John remembers going to see matinee showings of cowboy movies on Saturdays and, before the movie, shorts would run. "Usually they showed the news," he says, "but I just remember seeing this one clip warning us about polio and it just showed all these kids in iron lungs." If kids survived the iron lung, they'd often come back to school on crutches, in leg braces, or in wheelchairs.

"We all tried to be really careful in the summer — or, as we called it back then, 'polio season,''" John says. This was because every year around Memorial Day, major outbreaks would begin to emerge and they'd spike sometime around August. People weren't really sure how the disease spread at the time, but many believed it traveled through the water. There was no cure — and every child was susceptible to getting sick with it.

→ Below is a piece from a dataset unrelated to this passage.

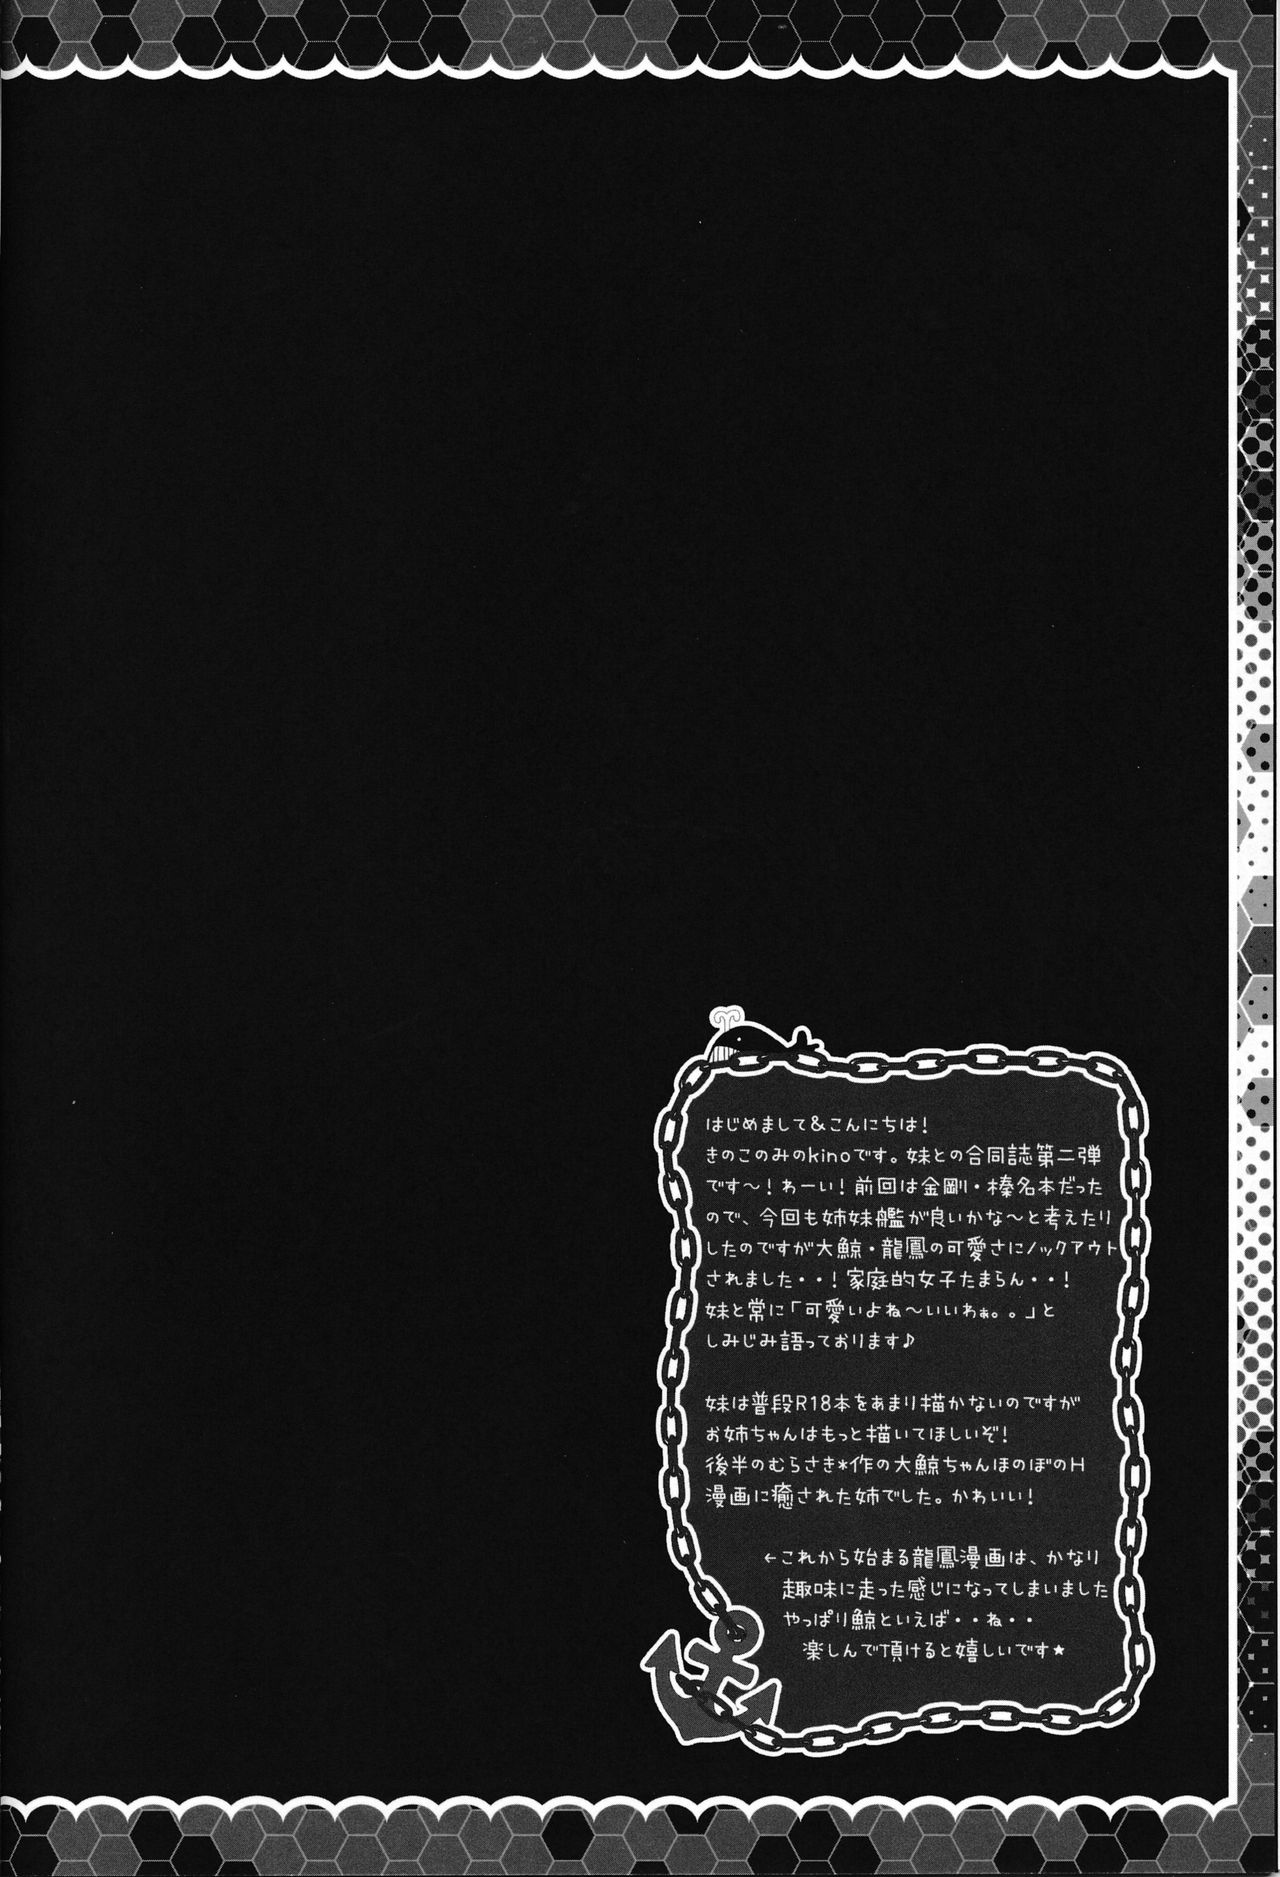 (Gunreibu Shuho & Houraigekisen! Yo-i! Goudou Enshuu 2Senme) [Kinokonomi, Murasakiiro no Yoru (kino, Murasaki)] Taigei Ryuuhou wa Teitoku to Nakayoshi (Kantai Collection -KanColle-) (軍令部酒保&砲雷撃戦!よーい!合同演習弐戦目) [きのこのみ、むらさきいろのよる (kino、むらさき)] 大鯨龍鳳は提督となかよし (艦隊これくしょん -艦これ-)

"We couldn't swim in hot weather," he remembers, "and the municipal outdoor pool would close down in August."

Then, in 1954 clinical trials began for Dr. Jonas Salk's vaccine against polio and within a year, his vaccine was announced safe. "I got that vaccine at school," John says. Within two years, U.S. polio cases had dropped 85-95 percent — even before a second vaccine was developed by Dr. Albert Sabin in the 1960s. "I remember how much better things got after the vaccines came out. They changed everything," John says.